What’s Next for India in Space Exploration

India has a busy decade of space exploration ahead.

S. Somanath, the director of Indian Space Research Organization, has described the current moment as an inflection point, as the country opens its space programs to private investors after half a century of state monopoly that made advances but at “a shoestring budget mode of working.”

A large share of India’s space efforts in the coming years will focus on the moon.

In addition to the scientific results of Chandrayaan-3, India is preparing a joint lunar exploration with Japan, in which India will provide the lander and Japan the launch vehicle and the rover. The robotic mission, known as LUPEX, is also intended for exploring the South Pole of the moon.

Although an Indian astronaut flew to orbit in 1984, the country has never sent humans to space on its own. It is therefore preparing its first astronaut mission to space, called Gaganyaan. But the project, which aims to send three Indian astronauts to space on the country’s own spacecraft, has faced delays, and ISRO has not announced a date for it.

ISRO will first have to conduct a test flight of the Gaganyaan spacecraft with no astronauts aboard. Officials have said they are at the stage of perfecting the crew escape system, and they said this month that they had tested the drogue parachutes, which help stabilize the capsule that the astronauts will ride as they return to Earth.

Additionally, India is preparing for the Aditya-L1 mission, which plans to study the sun, in early September. ISRO officials have said that it will carry seven payloads to study the photosphere chromosphere and the outermost layers of the sun using electromagnetic and particle detectors.
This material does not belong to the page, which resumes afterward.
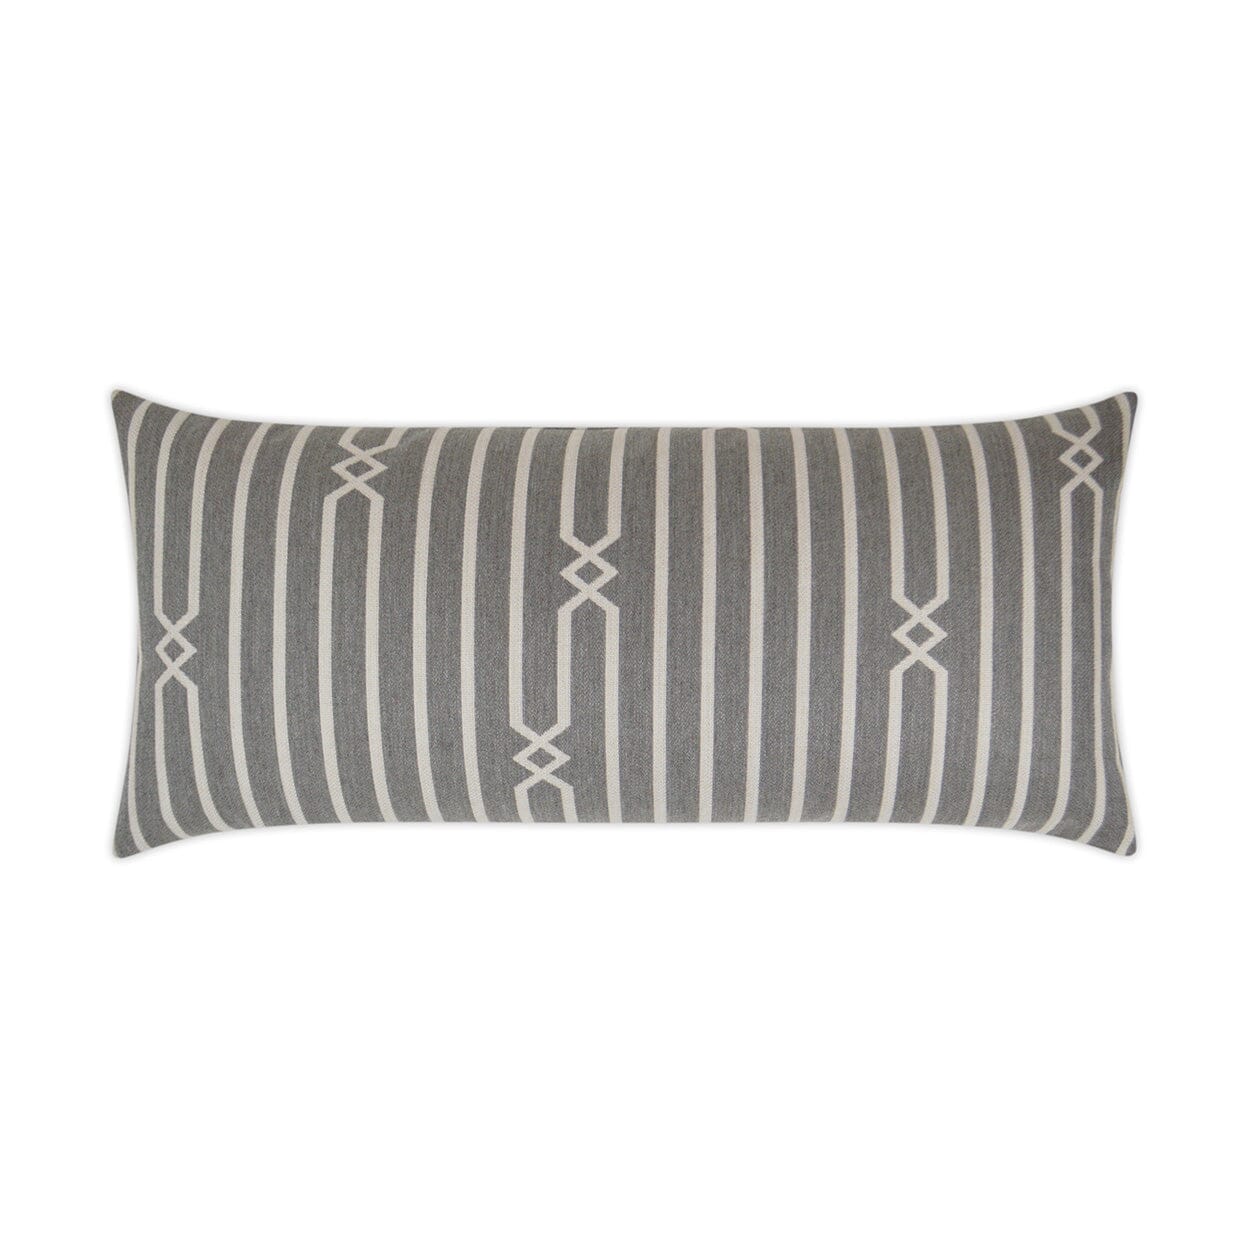 D.V. Kap 12" x 24" Outdoor Lumbar Pillow | Kitri Stone Pillows D.V Kap Outdoor

Another mission is the collaborative NASA-ISRO Synthetic Aperture Radar, or NISAR, which will monitor changes in our planet’s land and ice surfaces from orbit. It is slated to launch from India next year.

The country will also launch a second Mars orbiter mission. The first Mars mission, Mangalyaan, successfully entered the planet’s orbit in 2014 and remained in communication with ISRO until the mission concluded in 2022 when the spacecraft lost power. It made India the first country to achieve Martian orbit on its first attempt, and demonstrated that the country could show scientific prowess even when resources are constrained: The mission’s budget of about $75 million was less than the $100 million budget of the Hollywood space film “Gravity.”